What to produce >> Every line in the listing below from the one with "Image of Plantur21 Nutri-Coffein-Shampoo" through the one with "Jogging Pants 100% Cotton - Gray - 01" is to be reproduced exactly, both ends included; leave out the rest.

Data shown >>
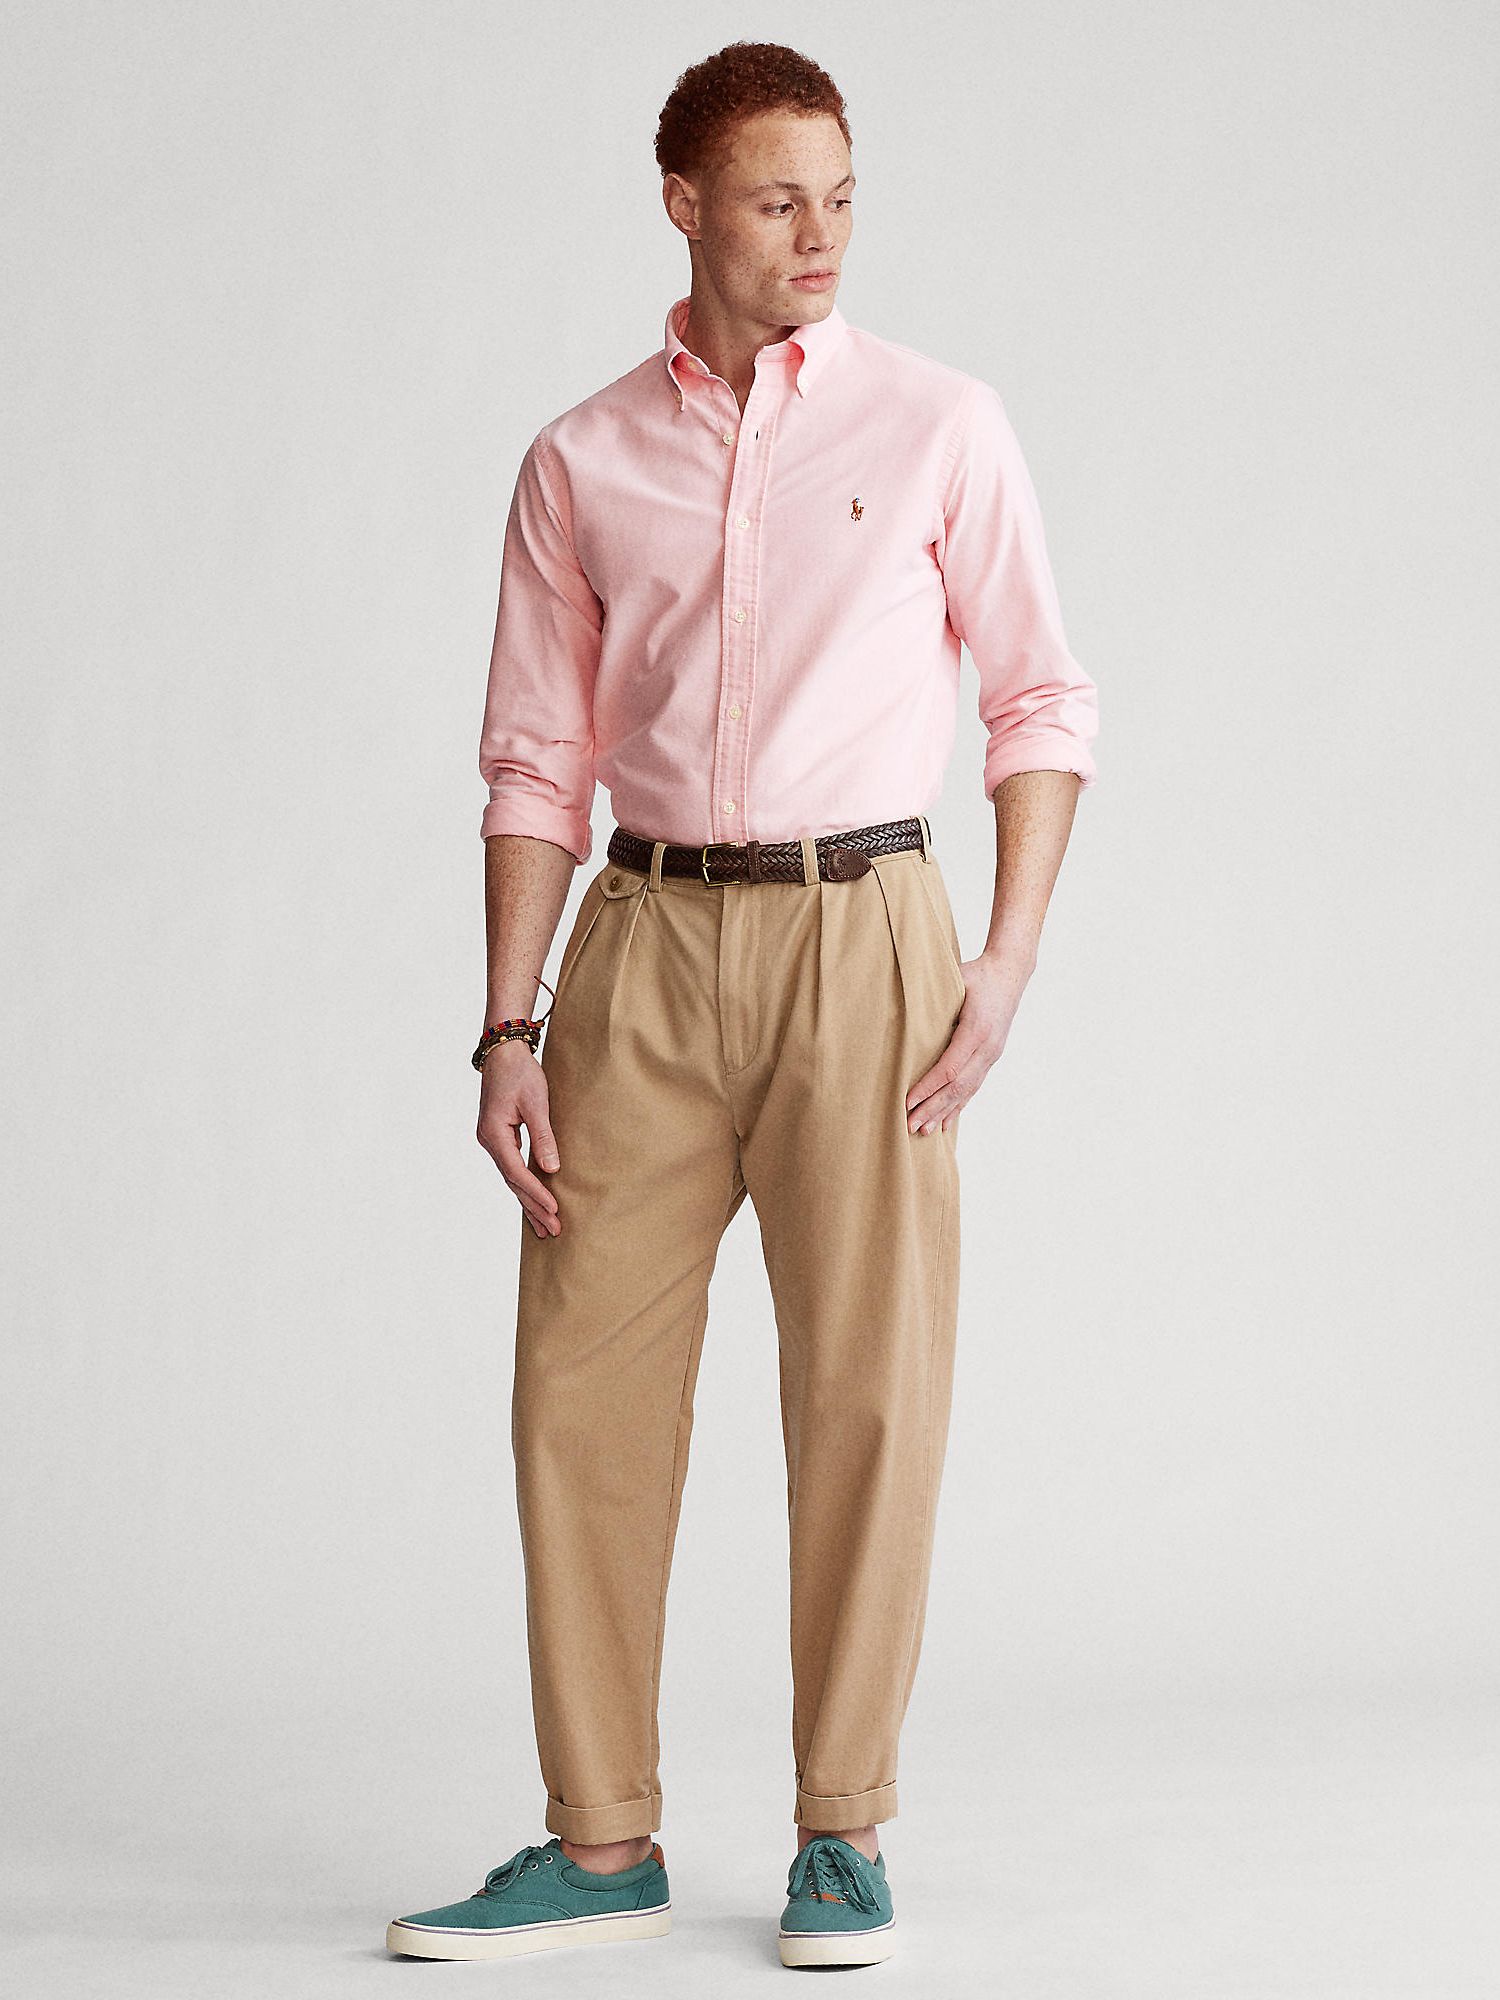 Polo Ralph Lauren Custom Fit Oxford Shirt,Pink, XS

--

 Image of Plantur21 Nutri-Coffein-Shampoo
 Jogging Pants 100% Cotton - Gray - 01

Solution to this exercise >>
 Image of Plantur21 Nutri-Coffein-Shampoo
 Jogging Pants 100% Cotton - Gray - 01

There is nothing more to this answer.